Великий лес
Шрифт:
«Интересно, о чем он думает? — пришло в голову Ивану. — И зачем, почему он запустил в окно Вере Семеновне камнем? Говорит, не мстил… Не верить? Гм… Вообще-то он всегда, во всем искренен. Если не захочет в чем-то признаться — не признается. В Дорошек, значит, удался, хитрить не умеет. Но тогда… В чем же дело?..»
А Костик думал о другом. От беседы со старшим братом он ничего хорошего не ждал. Знал: будет увещевать, поучать, может, даже отругает: это же надо, из школы выгнали, бандюга! Но Иван не ругался, словом не попрекнул. Говорил как со взрослым, открывался в том, в чем никогда прежде не открылся бы. Что до ссоры с отцом, так ни себя не выгораживал, ни того не винил: что ж делать, коль так получилось. Была какая-то секунда, когда Костику захотелось признаться, начистоту во всем признаться брату: мол, на душе у него сейчас такое, что он иной раз и самого себя не понимает, хочет сделать одно, а выходит совсем другое. Но секунда эта прошла — явилось желание и исчезло. Как мышка: показала из норки мордочку и спрятала. И Костик сидел, страдал оттого, что не может во всем открыться брату, не может, потому что не знает, что тот скажет, как
— Ну что ж, не хочешь — не говори, не признавайся, — продолжал между тем Иван, и голос его доносился до Костика глухо и невнятно, как сквозь толщу воды, когда летом, бывает, нырнешь, купаясь в пруду, а тебе кто-нибудь из хлопцев что-то вдогонку кричит, советует. «О чем это он? Что ему надо от меня? — напрягал память, мучительно думал Костик. — А-а, верно, все про тот камень…»
Иван же не умолкал — говорил, говорил: — На сегодня хватит. Будем считать — побеседовали. По душам. Не дожидайся в другой раз, пока я тебя позову. Сам заходи. И в сельсовет, и домой. Домой даже лучше. И куда податься тебе сейчас — подумай, хорошенько подумай. Не бей лынды. Лень до добра не доводит. Как надумаешь — мне скажи. В колхоз так в колхоз. А на завод захочешь, я директору могу позвонить. Он зачислит тебя. Позвоню — и зачислит…
Иван не зря про завод еще раз напомнил. Считал: рабочая закалка — самая лучшая школа. По себе знал. На заводе работать — норму надо выполнять, там дисциплина, да и коллектив. Если что — помогут, подскажут, научат… Это не колхоз, где кто-то может позволить себе и поспать лишний часок, и полодырничать, и дурака повалять…
IX
С той ночи, когда к ним постучались незнакомые люди и забрали, увели с собою отца, — где он и что с ним? — у Таси вошло в привычку как бы исповедоваться ему, рассказывать, что у нее произошло, что она пережила. На первых порах просто шепталась сама с собой перед сном, воображая, что отец здесь, рядом. Потом, какое-то время спустя, стала записывать свои мысли, наблюдения, переживания в толстую общую тетрадь, вести своеобразный дневник. Исповедается, выскажет, напишет, что ее тревожило и волновало, — и на душе, глядишь, стало легче, отлегло. Будто свалила с плеч нелегкую ношу, отдала нести кому-то другому.
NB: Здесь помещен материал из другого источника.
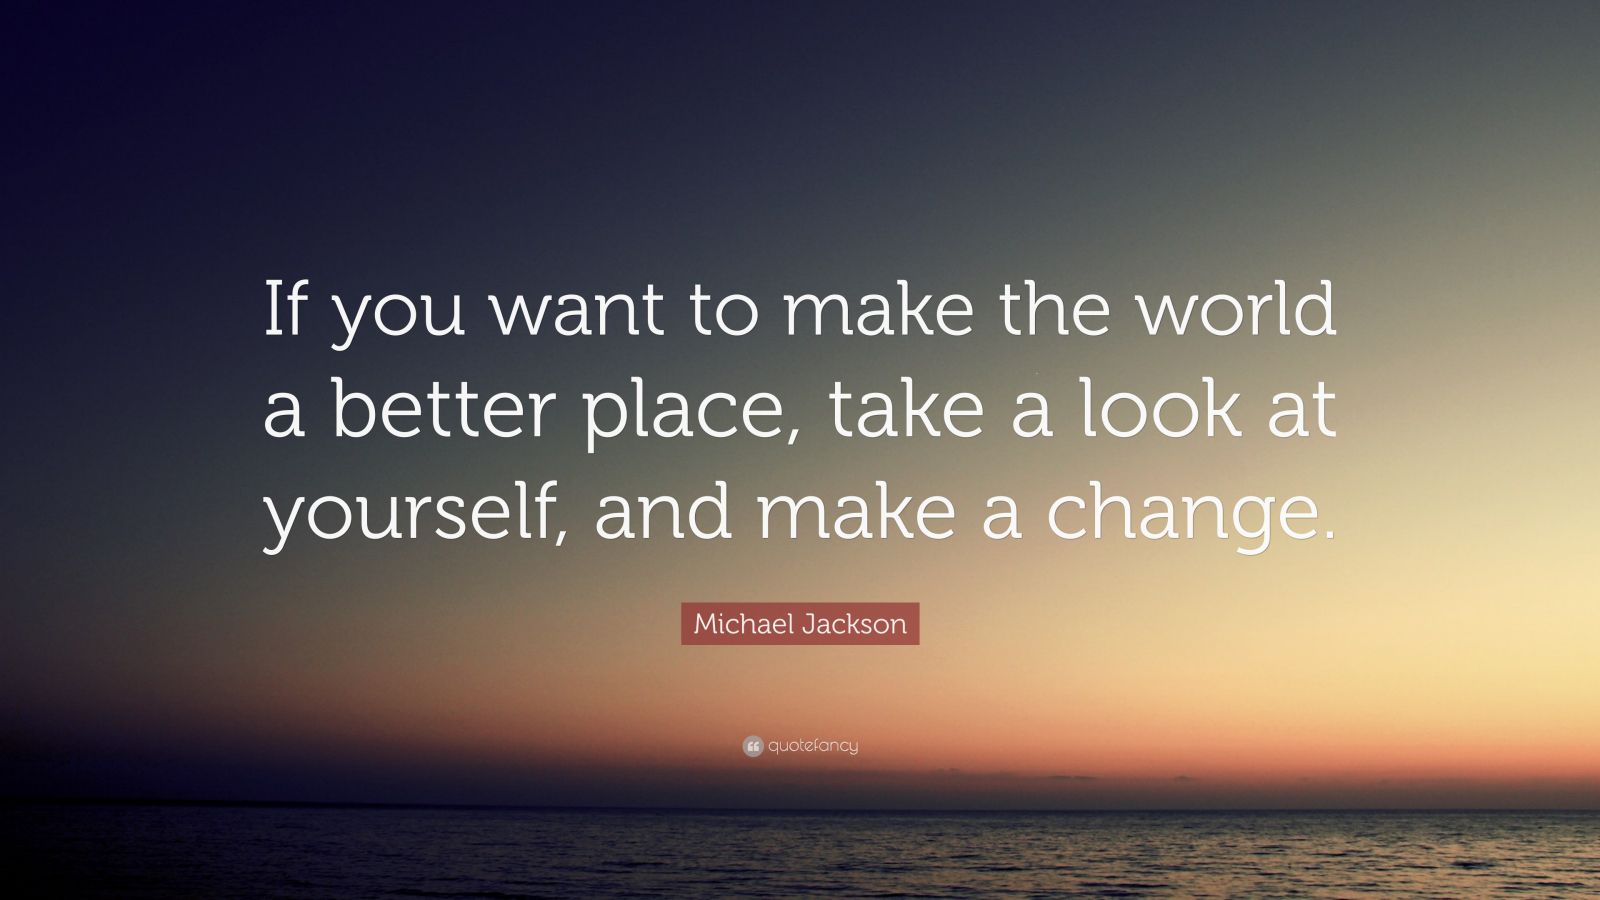 Michael Jackson Quote: “If you want to make the world a better place, take a look at ...1600 x 900

В тот вечер, когда Костик Дорошка — с чего бы вдруг? — догнал ее на гати, хотел задержать, а Тася вырвалась и убежала, и он, наглец, бросил в окно камень, она записала в дневник дословно следующее:
«Папа, папочка!
И сегодня послушай меня, как всегда слушаешь. Ты же знаешь, как я одинока. Особенно здесь, в деревне. Даже подружками обзаводиться боюсь, а прежние…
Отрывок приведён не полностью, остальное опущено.